This notebook demonstrates the evaluation of a classifier for detecting sleep stages: Wakefulness, REM (Rapid Eye Movement), and NREM (Non-Rapid Eye Movement).
import numpy as np
import pandas as pd
import matplotlib.pyplot as plt
import seaborn as sns
from scipy.signal import welch
from sklearn.model_selection import train_test_split
from sklearn.tree import DecisionTreeClassifier
from sklearn.metrics import confusion_matrix, precision_recall_fscore_support, accuracy_score, balanced_accuracy_score
# Set random seed for reproducibility
np.random.seed(42)
We'll create synthetic data to simulate accelerometer, heart rate, and heart rate variability (HRV) measurements for different sleep stages.

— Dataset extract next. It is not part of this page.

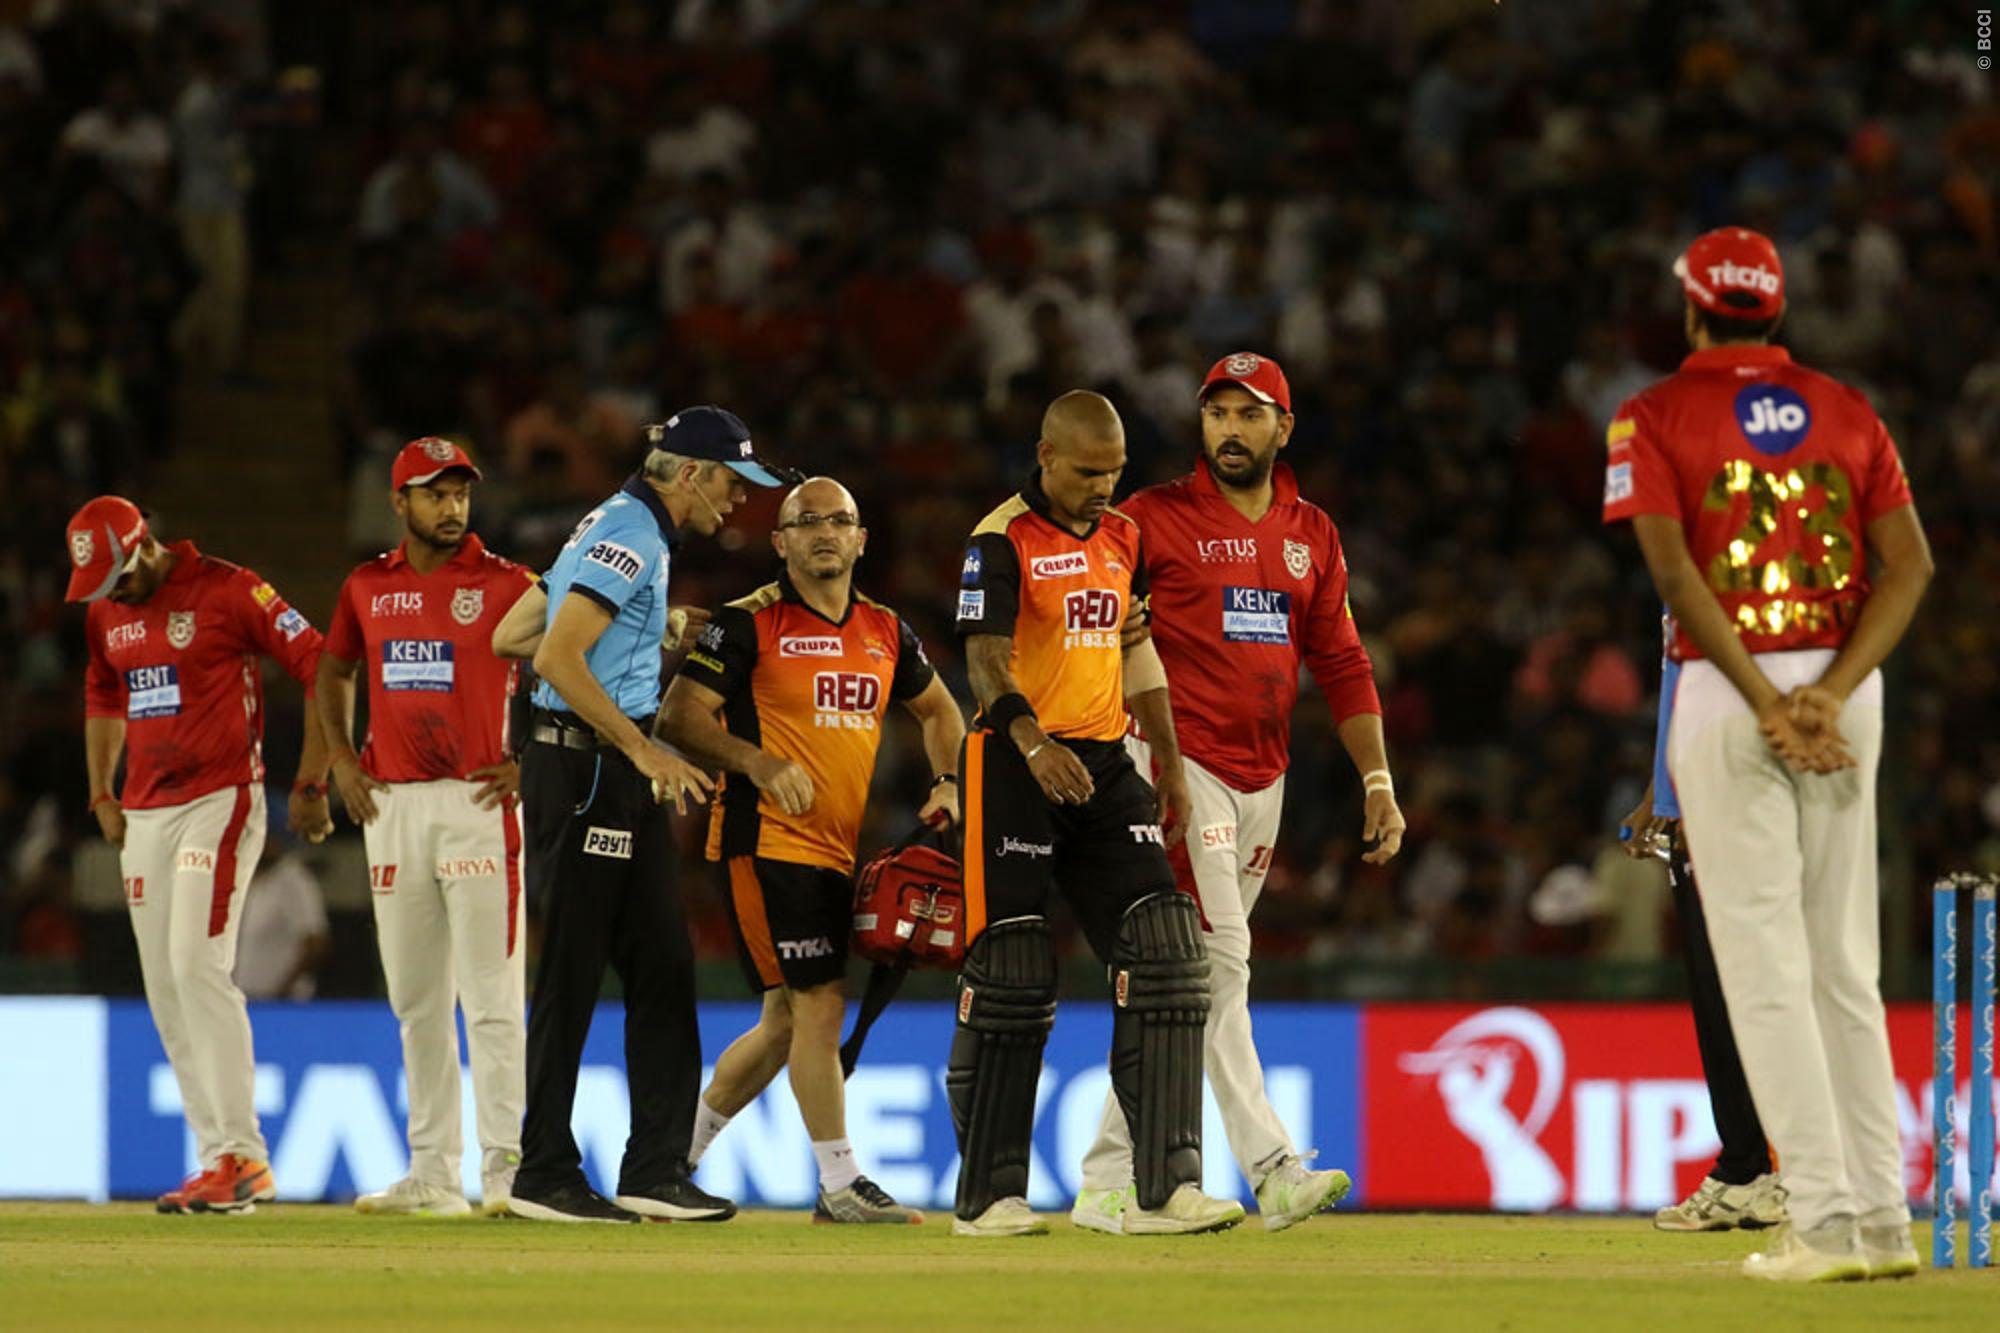 सन राइजर्स के कप्तान केन विलियम्सन ने सीधे तौर पर इस खिलाड़ी के सिर फोड़ा हैदराबाद की हार का ठीकरा 40

This function generates data with the following characteristics:
We then extract a bunch of features from the accelerometer and heart rate signals (e.g. min, max, mean, etc); we also extract some specialized features from heart rate corresponding to heart rate variability (e.g. rmssd, sdnn); and obtain the dominant frequency using the welch
function from SciPy.
def generate_synthetic_data(n_samples=1000, window_size=30, class_distribution=[0.5, 0.3, 0.2]):
# Generate base signals
time = np.arange(n_samples * window_size) / 100 # Assuming 100 Hz sampling rate
accel_x = np.random.randn(n_samples * window_size)
accel_y = np.random.randn(n_samples * window_size)
accel_z = np.random.randn(n_samples * window_size)
heart_rate = np.random.normal(60, 10, n_samples * window_size)
# Generate labels
labels = np.random.choice(['Wakefulness', 'REM', 'NREM'], n_samples, p=class_distribution)
labels = np.repeat(labels, window_size)
# Adjust signals based on sleep stage (with more overlap and noise)
for i, label in enumerate(labels):
if label == 'Wakefulness':
accel_x[i] += np.random.normal(0, 1.2)
accel_y[i] += np.random.normal(0, 1.2)
accel_z[i] += np.random.normal(0, 1.2)
heart_rate[i] += np.random.normal(10, 5)
elif label == 'REM':
accel_x[i] += np.random.normal(0, 0.9)
accel_y[i] += np.random.normal(0, 0.9)
accel_z[i] += np.random.normal(0, 0.9)
heart_rate[i] += np.random.normal(5, 3)
else: # NREM
accel_x[i] += np.random.normal(0, 0.8)
accel_y[i] += np.random.normal(0, 0.8)
accel_z[i] += np.random.normal(0, 0.8)
heart_rate[i] += np.random.normal(1, 2)
# Add random noise to all signals
accel_x += np.random.normal(0, 1, len(accel_x))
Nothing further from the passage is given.